After trial to the court without jury, “partial” findings of fact and conclusions of law were entered. In its findings of fact, the trial court found that
[t]he property described was conveyed to the corporation. Vern Padgett did not advance to Investment Enterprises, Inc. any money to make the loan and Investment Enterprises, Inc. did not make a loan to Plaintiffs herein.
Regarding Padgett’s and Investment Enterprises’ assertion that a modification of the contract had been agreed to by the parties, the court further found that Pearl Theus had never agreed to any modification of thé contract.
In its conclusions of
law, the court determined that the Theuses were entitled to a reconveyance of the 12 parcels because of a “partial failure of consideration.” In granting this relief, the court reasoned that the $10,000 loan was the “principal consideration” upon which the Theuses promise to convey the realty was based.
In an “Amended Partial Judgment,” the trial court ordered Investment Enterprises to transfer title to five of the parcels to the Theuses.
By a “Final Judgment,” the court ordered that title to the remaining seven parcels be transferred to the Theuses.
Investment Enterprises and Vern Padgett now appeal from this final judgment.
Appellants contend that Jim Theus failed substantially to perform as promised by not disclosing liabilities and defects of title regarding several of the subject real properties; that this failure on the part of the Theuses led the parties to agree to a modification of the contract regarding the required performance of Padgett; and that in light of these factors the court’s grant of rescission and restitution of the realty to the Theuses was inappropriate. Appellants also contend that due to the fact that Earl Bell was a party to the contract in question, he was an indispensable party and should have been allowed to litigate his interest in the case at bar.

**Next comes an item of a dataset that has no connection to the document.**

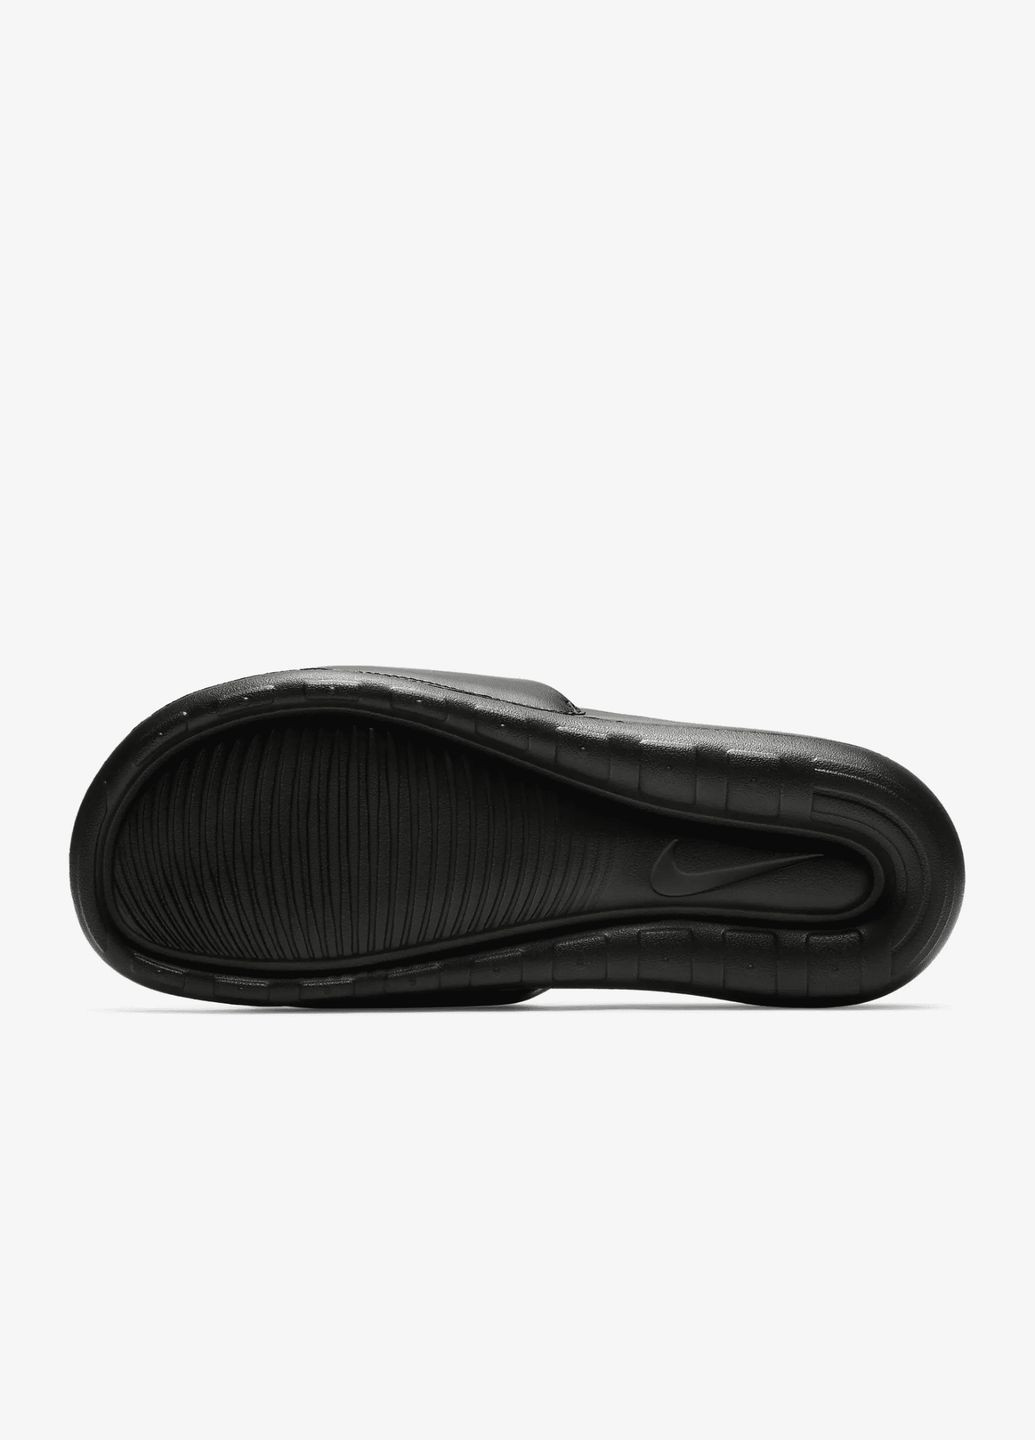 Черные мужские тапочки victori one nn slide cn9675-003 черные Nike

We find no merit in the first of appellants’ contentions. The trial court found that the Theuses had conveyed to Investment Enterprises the real property they were required to under the contract. Also relevant is the trial court’s finding that Pearl Theus never agreed to a modification of the contract regarding Padgett’s promised performance of a $10,000 loan.

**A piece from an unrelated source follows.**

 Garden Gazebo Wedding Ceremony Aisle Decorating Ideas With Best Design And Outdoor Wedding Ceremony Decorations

Since our review of the record does not leave us with the conviction that these findings of fact of the trial court were clearly erroneous, we affirm the lower court’s judgment which provided for restitution of the 12 parcels of realty to the Theuses and cancellation of a promissory note Jim Theus gave to Padgett pursuant to the contract.
We now turn to the second and more troublesome issue in this appeal, namely, whether Earl Bell was an indispensable party to the action in question and, if so, whether the judgment should be set aside and the case remanded for a new trial in order that Bell be made a party and be afforded the opportunity of fully protecting his interests. Earl Bell was a party to the contract at issue; for unstated consideration Investment Enterprises promised to give him one-third of its stock. On the other hand, Bell was not made a party to the action, though he testified as a witness in behalf of Investment Enterprises
and Padgett.
At no stage of the proceedings at the trial court level did Investment Enterprises or Padgett move to dismiss the action on the grounds that the Theuses had failed to join Bell as an indispensable party.

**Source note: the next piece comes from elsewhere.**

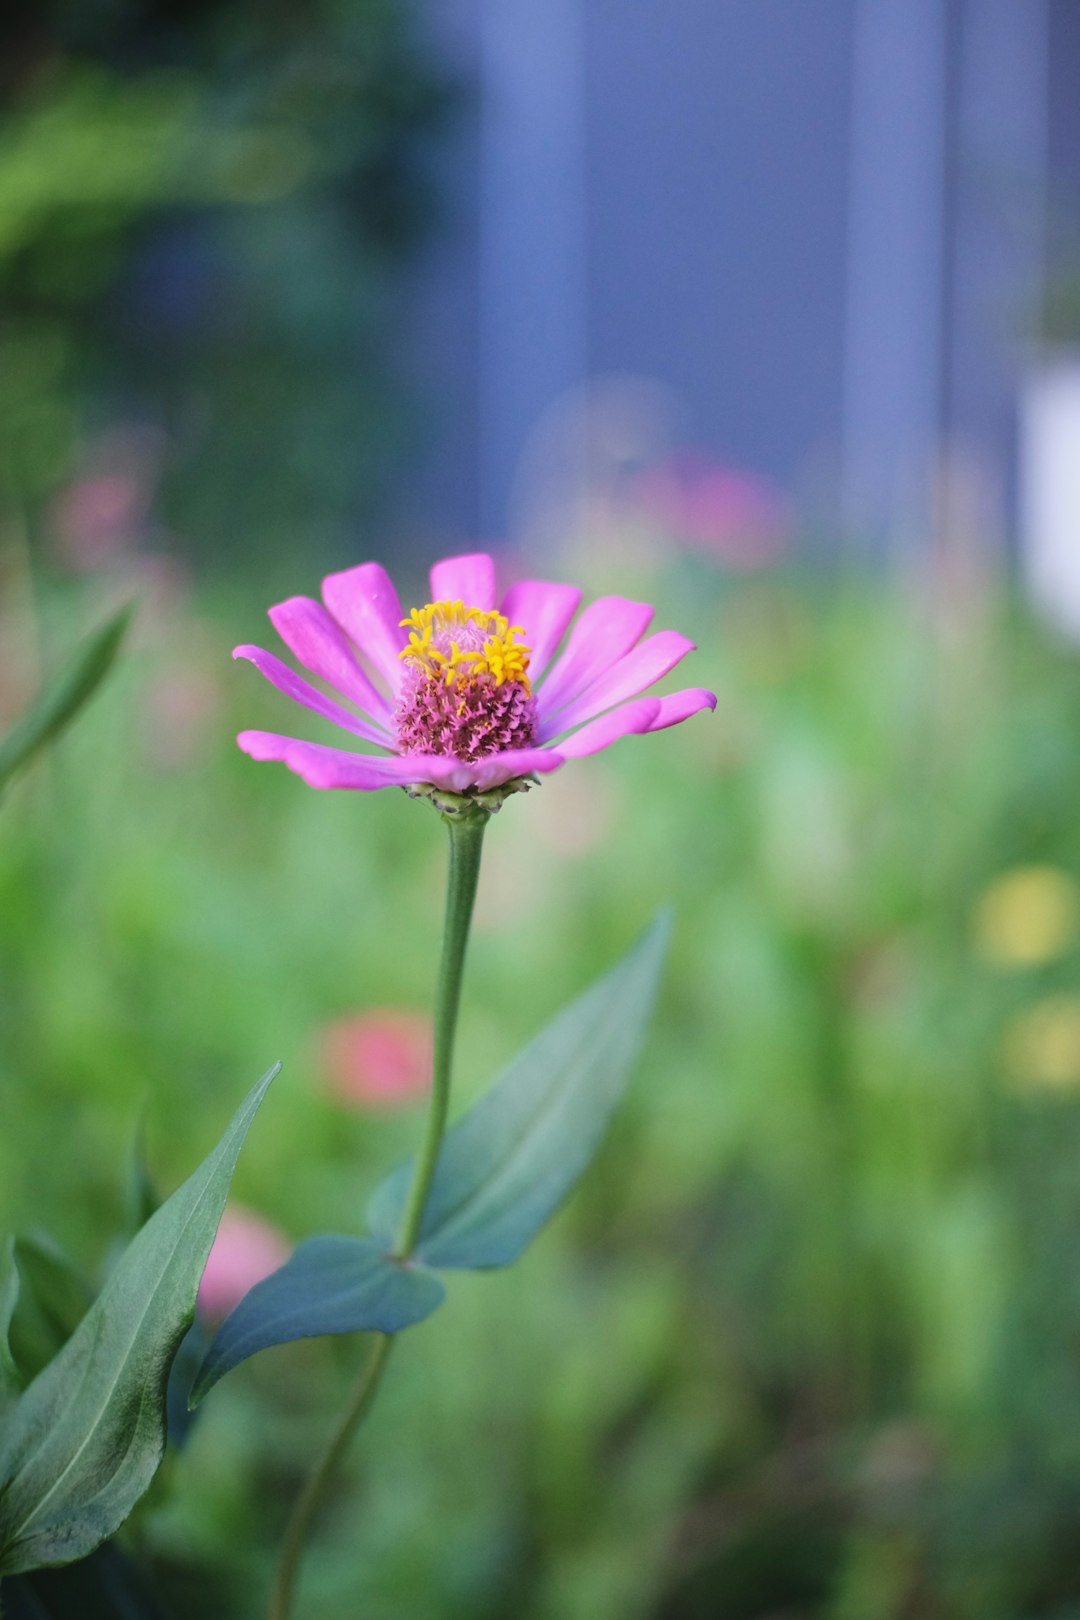 pink and yellow flower in tilt shift lens

It is in this appeal that appellants have for the first time clearly raised the indispensable party issue.
Ordinarily an issue which was not raised in the trial court will not be treated on appeal. Decisions under the federal rules, however, indicate that this court has the discretion nevertheless to treat indispensable party issues raised for the first time at the appellate level. It has been held that federal trial courts should treat indispensable party issues
sua sponte
when the parties fail to raise them, Hoe v. Wilson, 76 U.S. (9 Wall.) 501, 19 L.Ed. 762 (1870); that federal appellate courts may consider indispensable party issues not raised at the trial level, McShan v. Sherrill, 283 F.2d 462 (9th Cir. 1960); Brown v. Christman, 75 U.S.App.D.C. 203, 126 F.2d 625, 631-632 (1942); that federal appellate courts may even raise an indispensable party issue for the first time
sua sponte,
Haby v. Stanolind Oil & Gas Co., 225 F.2d 723 (5th Cir. 1955); that it is quite proper, however, to consider an indispensable party issue foreclosed on appeal if the party failed to assert it at trial, Provident Tradesmens Bank & Trust Co. v. Patterson, 390 U.S. 102, 111, 88 S.Ct. 733, 19 L. Ed.2d 936, 945-946 (1968). Adopting these authorities, we think the case at bar presents an appropriate occasion to treat the indispensable party issue now asserted by appellants.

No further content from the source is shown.